Repeat the lines of the data exactly and exclude any picture among them.

◆ **Information shown**

---

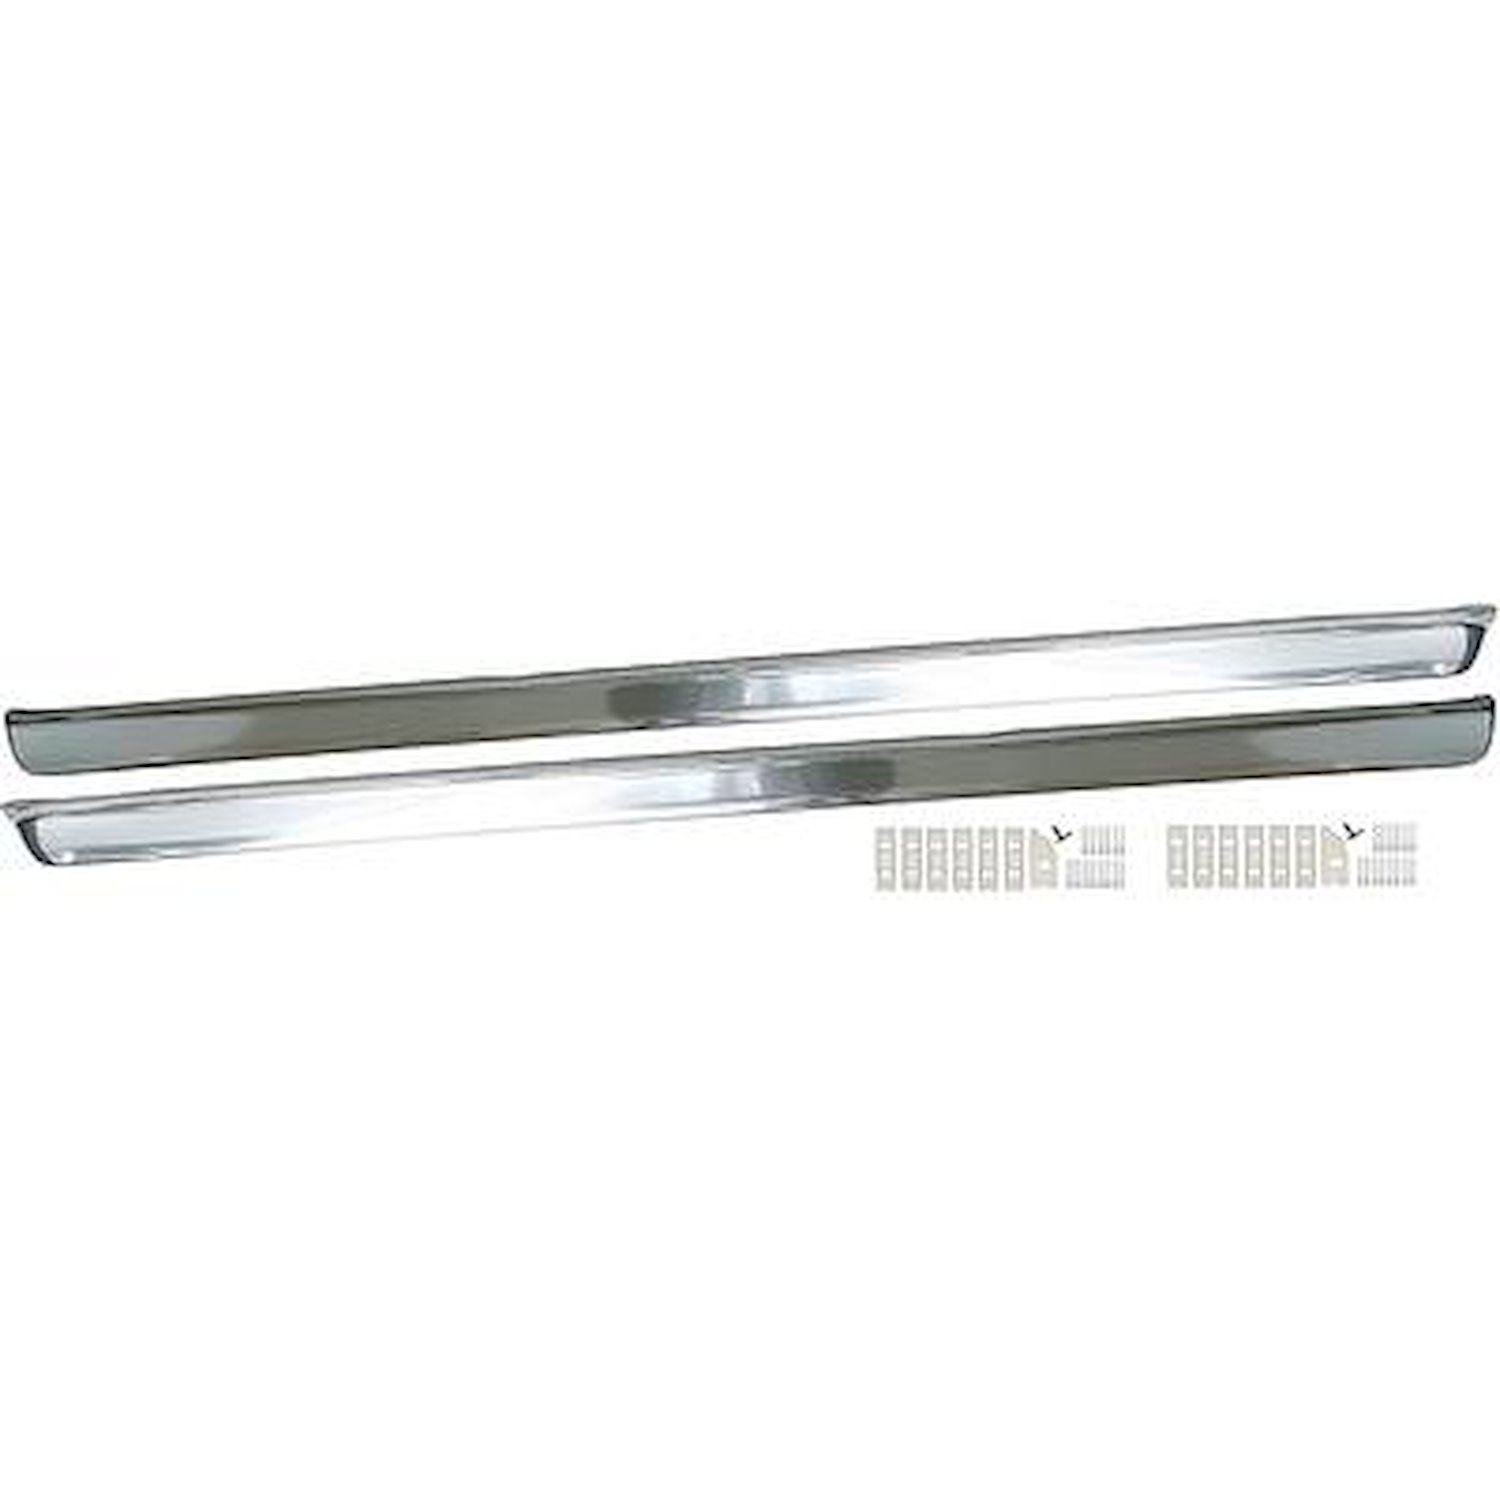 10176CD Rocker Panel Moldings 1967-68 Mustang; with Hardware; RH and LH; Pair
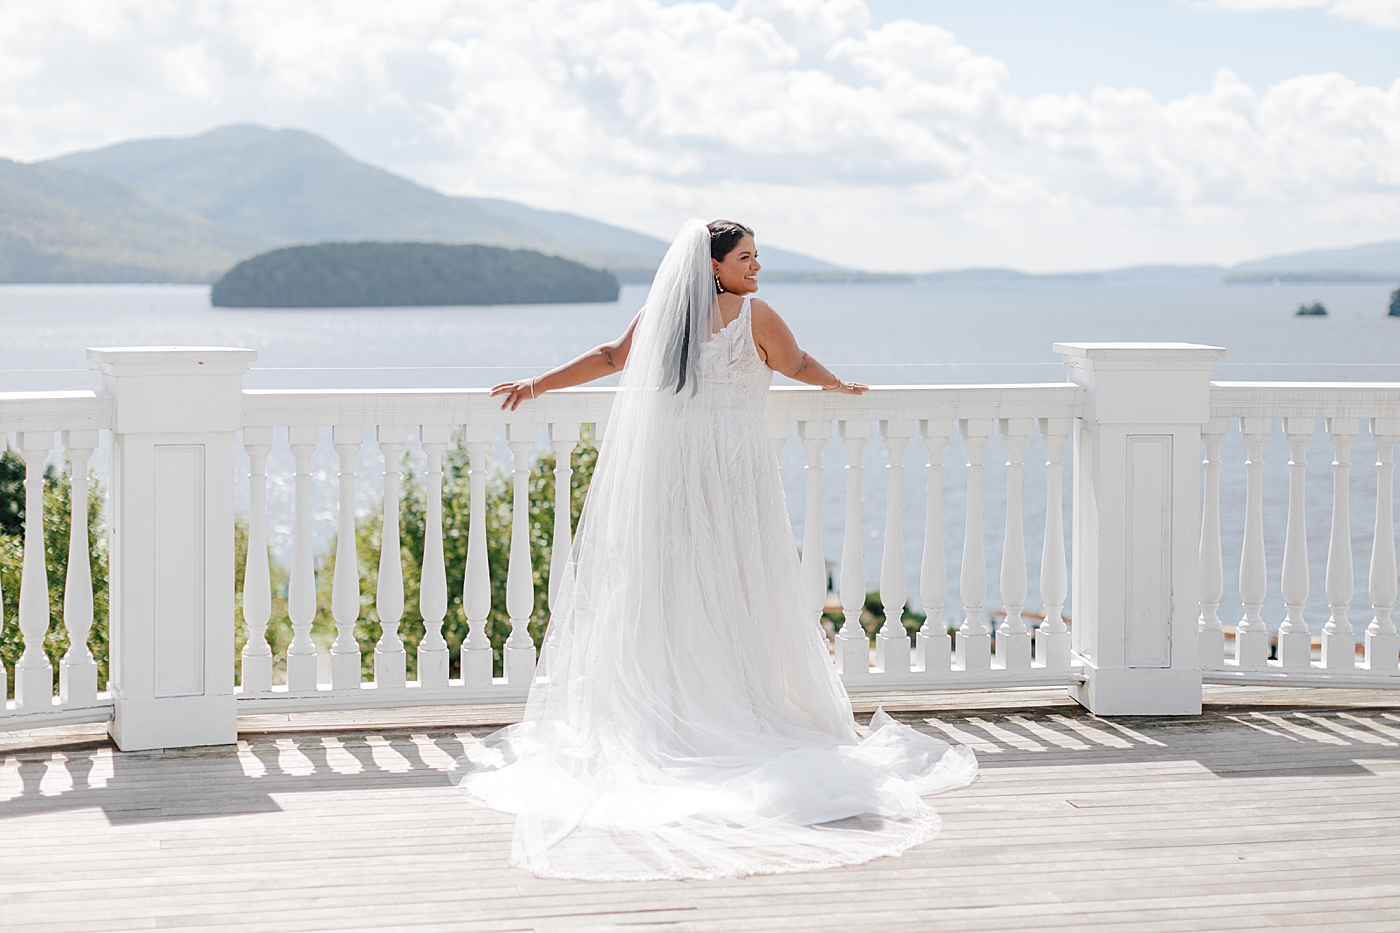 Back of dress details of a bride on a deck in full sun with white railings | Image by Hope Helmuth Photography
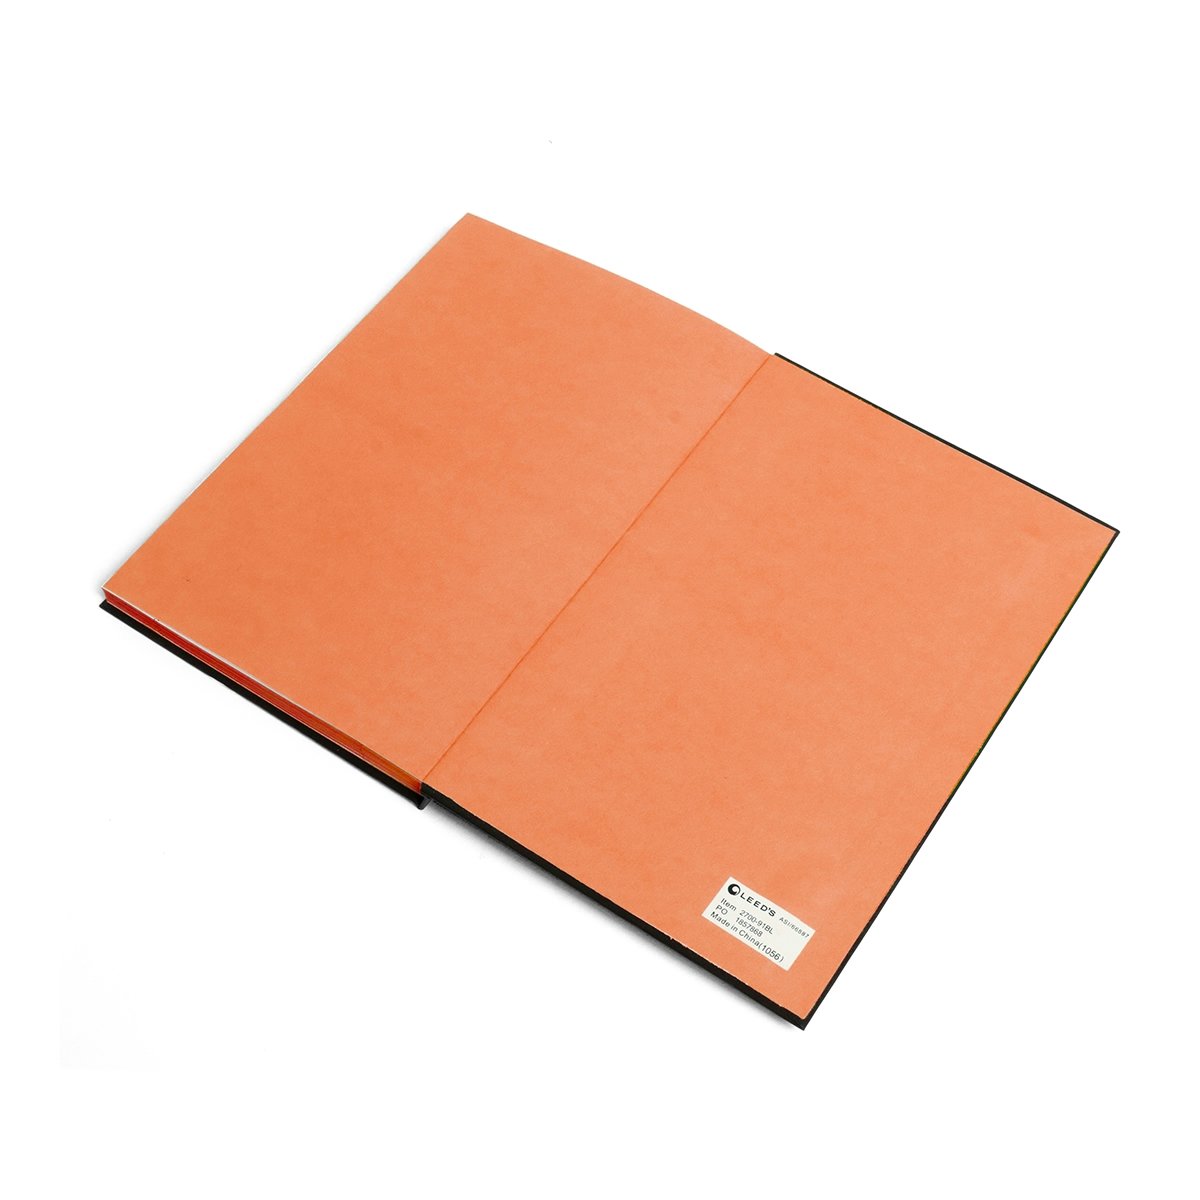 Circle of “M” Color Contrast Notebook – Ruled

---

◆ **Answer to the exercise**
 10176CD Rocker Panel Moldings 1967-68 Mustang; with Hardware; RH and LH; Pair
 Back of dress details of a bride on a deck in full sun with white railings | Image by Hope Helmuth Photography
 Circle of “M” Color Contrast Notebook – Ruled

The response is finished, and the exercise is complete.